Artesunate (ART) is one of the semi-synthetic derivatives of artemisinin. It is currently mainly used in the clinic for the rescue of cerebral malaria and various critical malaria. Recent studies have shown that it has a wide range of anti-tumor effects. However, its treatment for hepatocellular carcinoma (HCC) and its specific mechanism remain unclear.

Purpose

This study aims to investigate ART therapeutic effects on HCC and elucidate its molecular mechanisms.

Methods

This study explored the inhibitory effect of ART on HCC through in vivo and in vitro experiments. Cellular experiments evaluated the effects of ART on HCC cell lines (HepG2, H22, Hepa1-6) using CCK-8, Annexin/PI staining, wound healing, and Immunofluorescence.
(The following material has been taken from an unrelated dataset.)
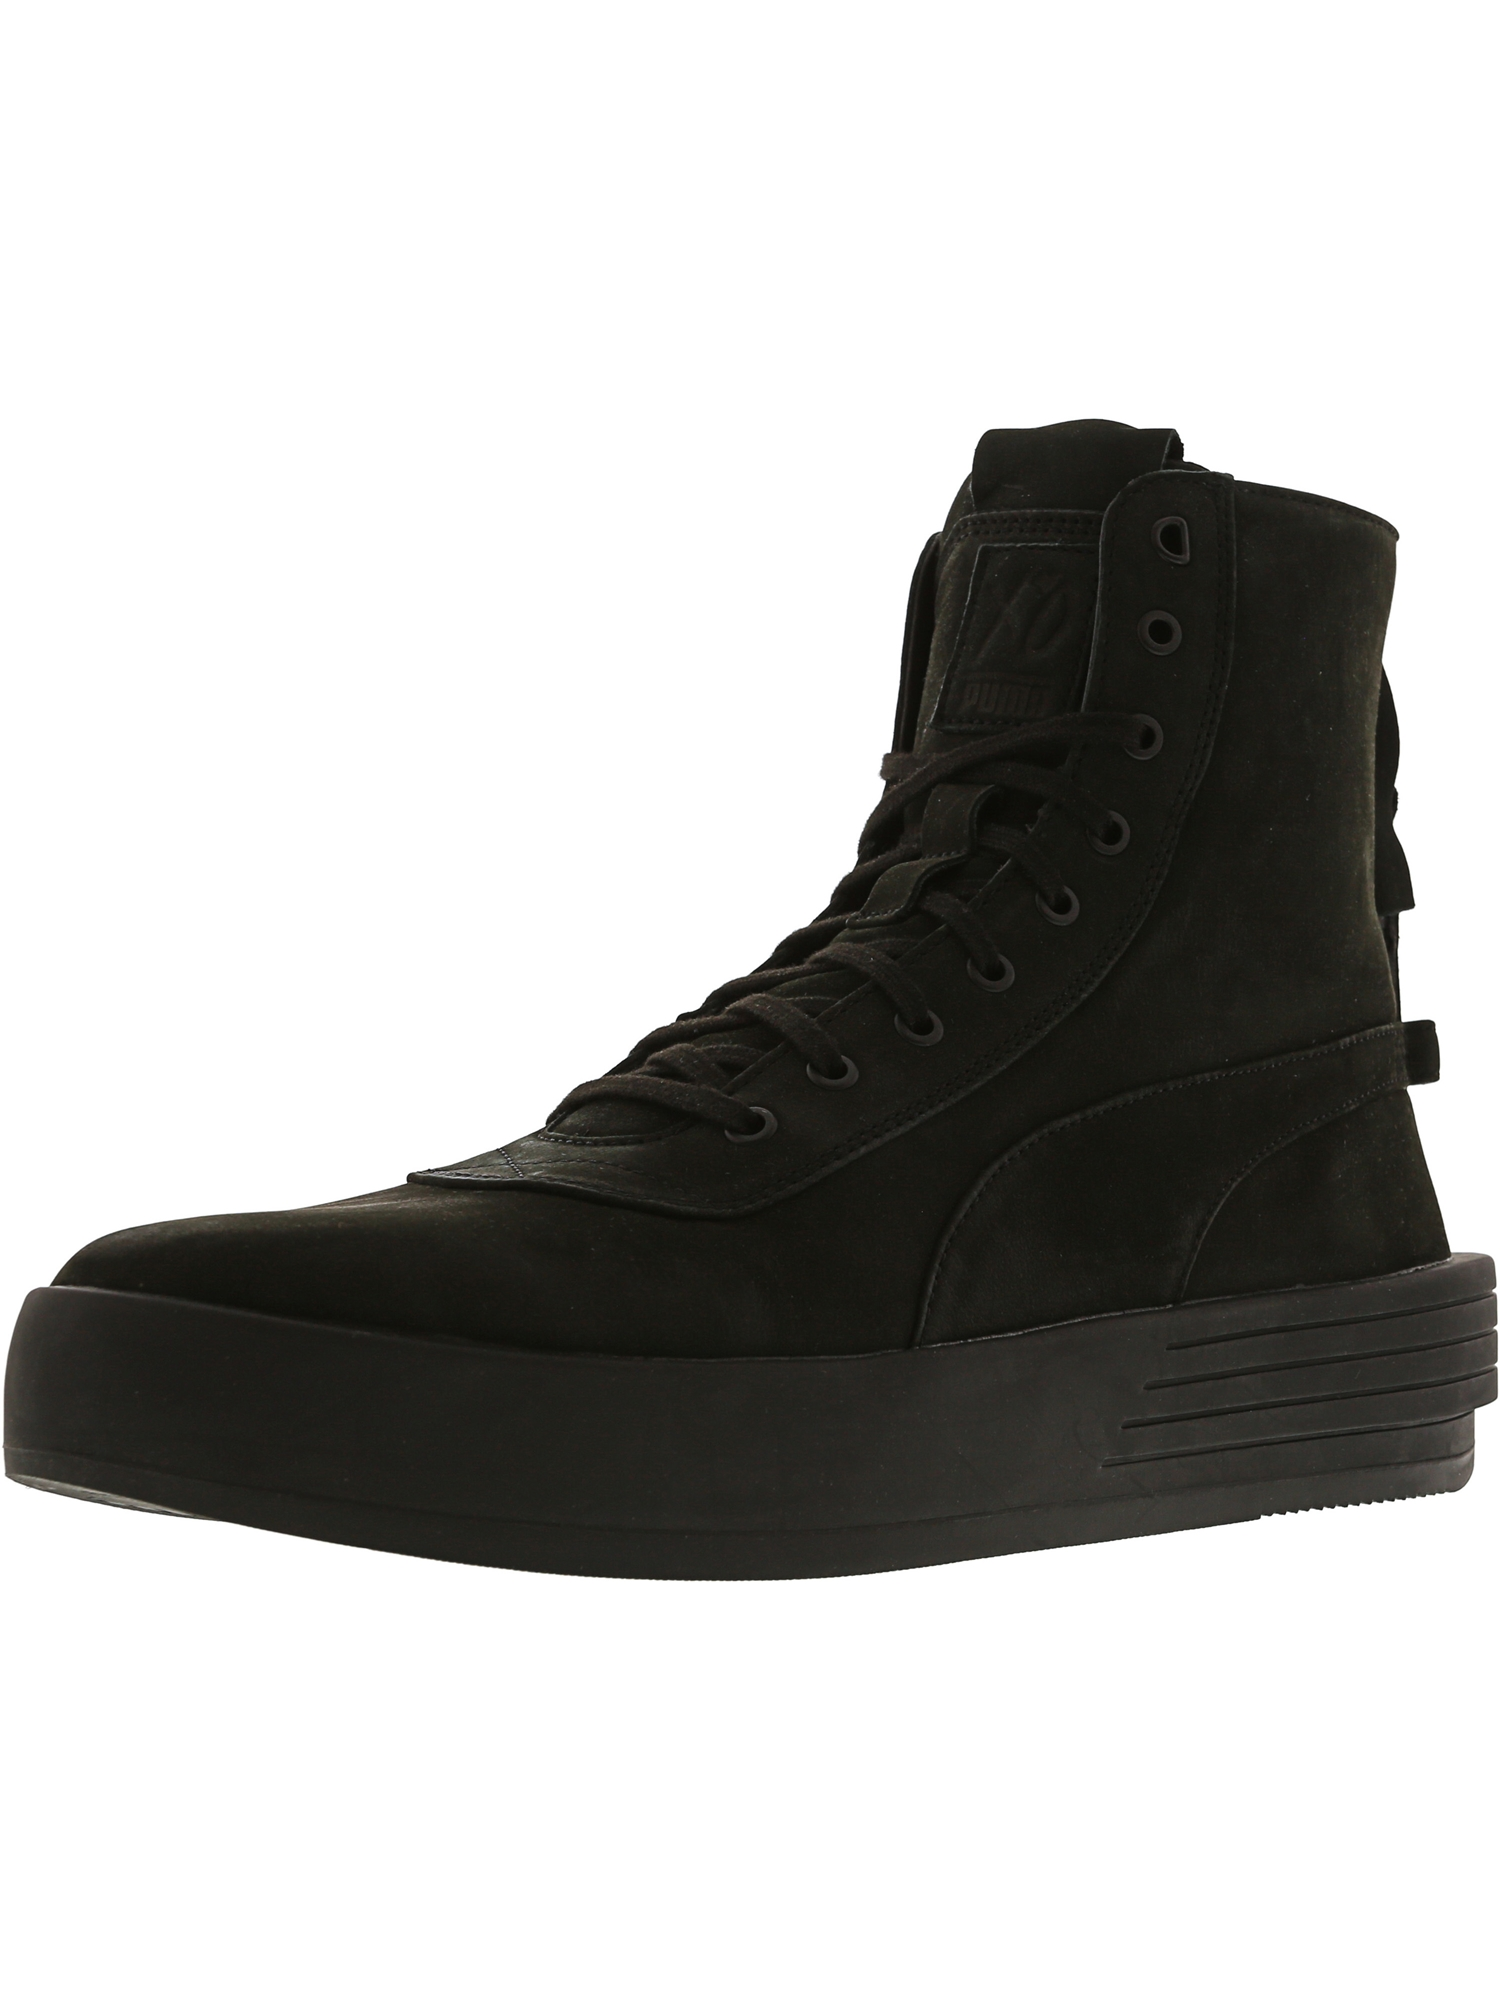 b2ef51f332a Puma Men s Xo Parallel Black   High-Top Leather Fashion Sneaker - 9M ...

In vivo, ART was tested in HepG2 xenografts and H-ras12V transgenic mice, with tumor growth monitored by Doppler ultrasound. Multi-omics (transcriptomics, network pharmacology, single-cell sequencing) identified MMP9 as a key target. Mechanisms were explored via molecular docking/dynamics, thermal shift assays, and Western blot analysis. Flow cytometry and immunofluorescence confirm CD8 + T cell infiltration.

Results

ART inhibited the proliferation of HCC cell lines and promoted its apoptosis. In vivo experiments showed that it had a certain inhibitory effect on the development of immune-deficient mice transplanted tumors. Continuous monitoring of tumor growth by Doppler ultrasound found that its effect was more obvious in the immune-competent spontaneous H-ras12V mouse model of liver cancer, especially for the development of small tumors. Mechanistically, ART can inhibit tumor growth by inhibiting the classic PI3K-AKT signaling pathway, which is consistent with the results in other tumor studies. At the same time, ART can directly target MMP9 and promote its degradation, thereby inhibiting tumor’s angiogenesis. To explain why its effect was more pronounced in immune-competent mice, we found ART can significantly increase the tumor infiltration of CD8 + T cells and its effect is also achieved by degrading MMP9.

Conclusion

Our findings reveal that ART inhibits HCC tumorigenesis and progression by targeting MMP9 to suppress angiogenesis and enhance CD8+ T cell infiltration. This study provides a mechanistic basis for the potential clinical application of ART in HCC therapy and identifies MMP9 as a promising therapeutic target.